The November 7 contest pits Democratic Lt Governor Ralph Northam, a physician, Army veteran and former state senator, against Ed Gillespie, onetime aide to President George W Bush and former head of the Republican Party. The current governor, Democrat Terry McAuliffe, is term-limited.

The stakes in Virginia are immense: Though Democratic presidential nominee Hillary Clinton won the state by five percentage points in 2016, Republicans typically are more likely to turn out in off-year statewide elections. Northam has led in most polls, but the race is close.

Political rally

A loss would be devastating after Democrats failed to capture any GOP-held seats in contested special congressional elections earlier this year that galvanised anti-Trump activists.

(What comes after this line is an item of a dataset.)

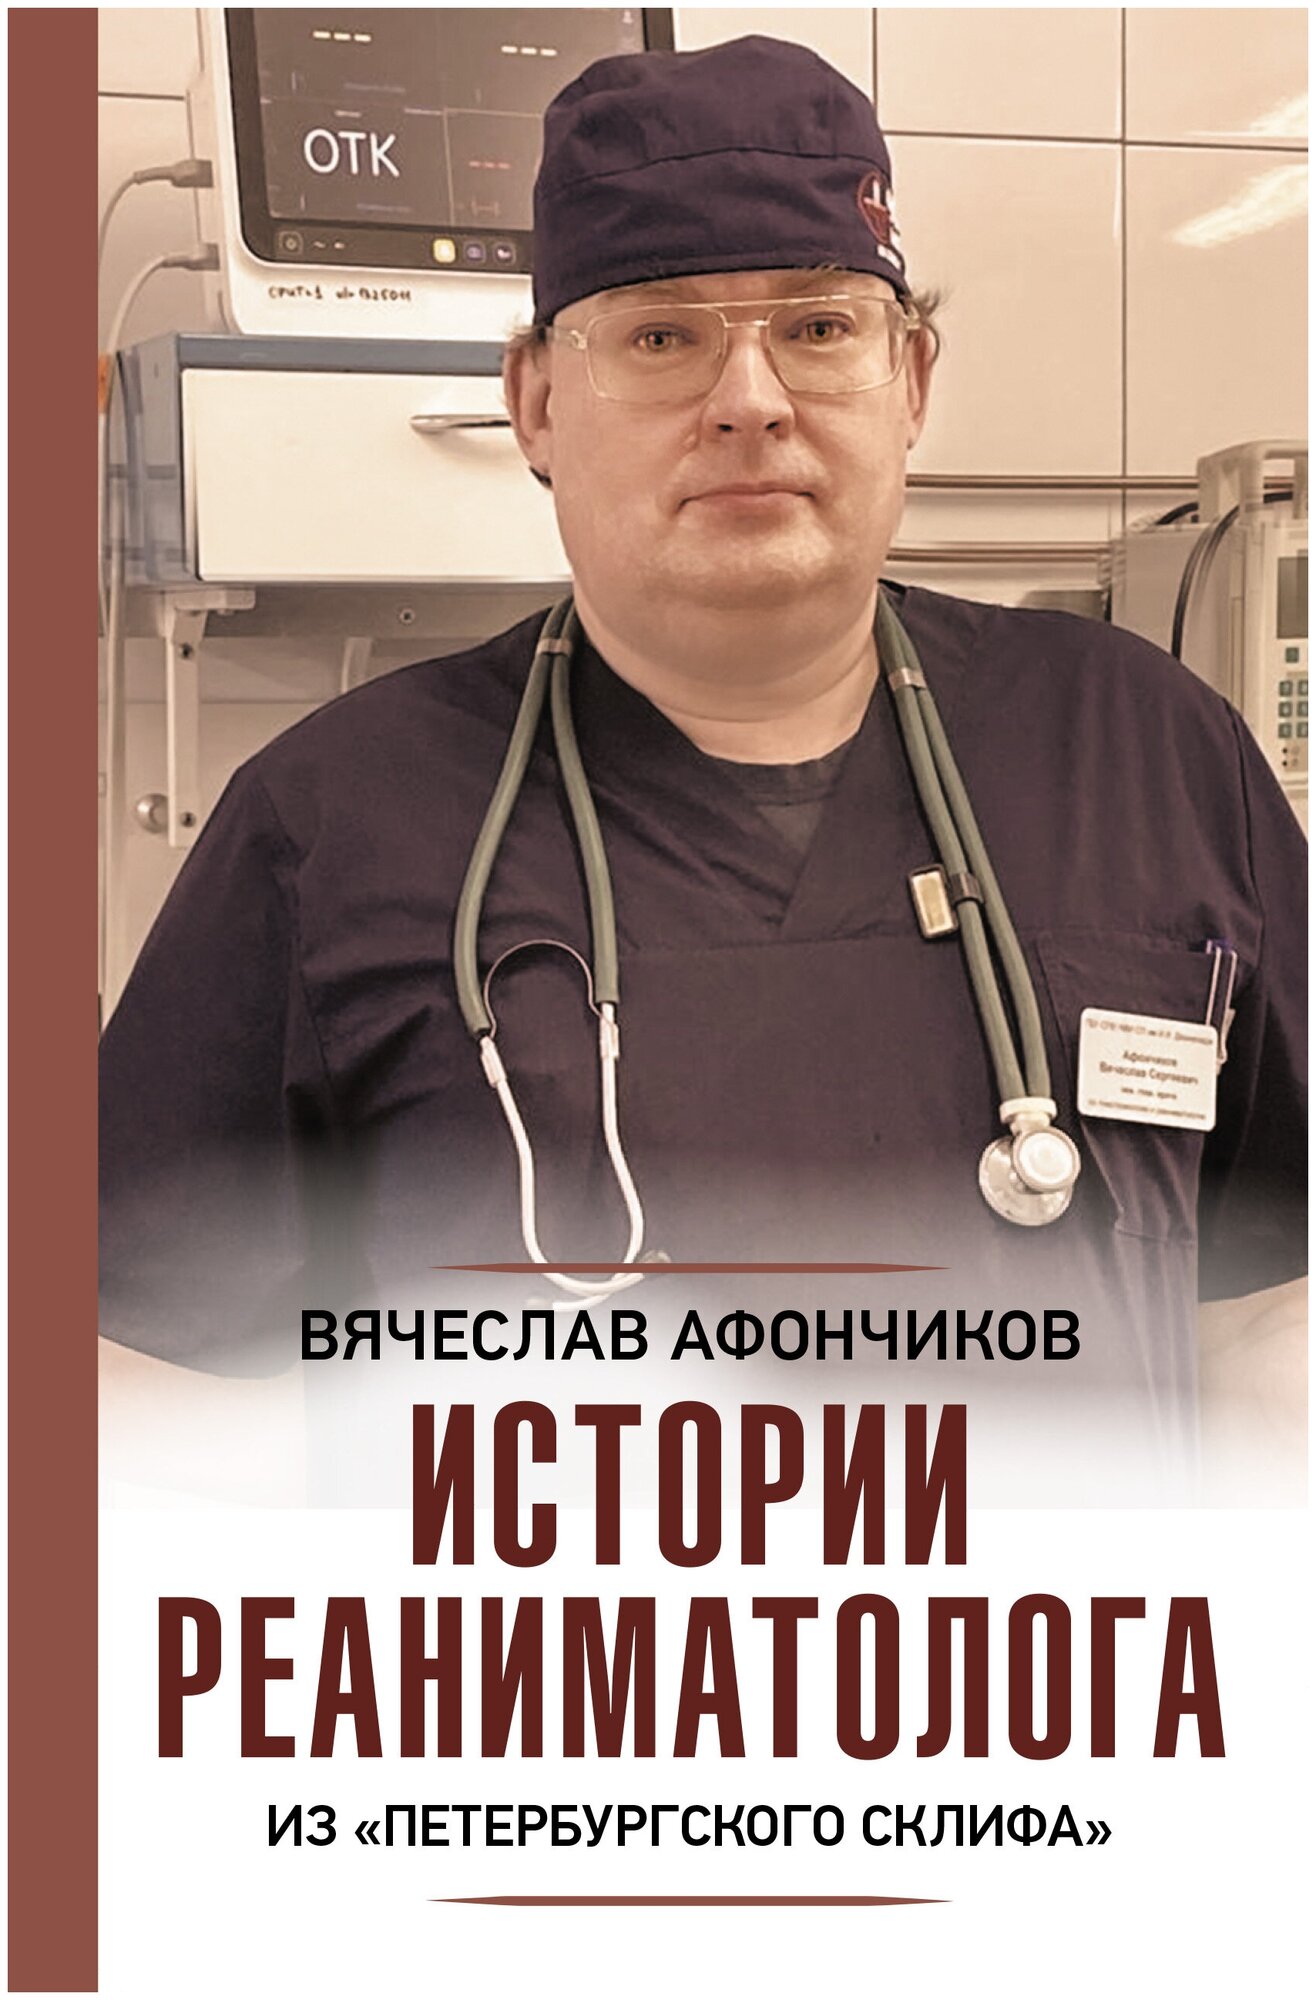 Истории реаниматолога из "петербургского Склифа" Афончиков В. С.

The next Virginia governor also will have a major say in the state's next congressional redistricting. A Republican wave in statehouse elections around the country in 2010 - just prior to the last redistricting - has helped the GOP maintain a firm grip on the House.

Former President Barack Obama highlighted the importance of the Virginia race last week at his first large political rally since leaving office, urging Democrats not to get "a little sleepy" in the off-year election.

"I think that it's great that you hashtag and meme," the former president told a crowd in Richmond, "but I need you to vote".

Not as engaged

Northam bested former Rep Tom Perriello, a populist favourite of the resistance who was backed by Senator Bernie Sanders, in the Democratic primary.

Sanders' political operation, Our Revolution, recently endorsed six Democrats running for the state House of Delegates, but did not endorse Northam. Diane May, a spokesperson for the group, said it can only endorse candidates recommended by local members and none in Virginia recommended Northam.

Some activists say it's obvious that the liberal wing of the party isn't as engaged in the governor's race.

"We absolutely want to see them win, but that's the difference between inspiring and driving a Democratic base to get out there for you and someone who you just want to win," said Charles Chamberlain, executive director of the group Democracy For America. "If he doesn't win, this will be why".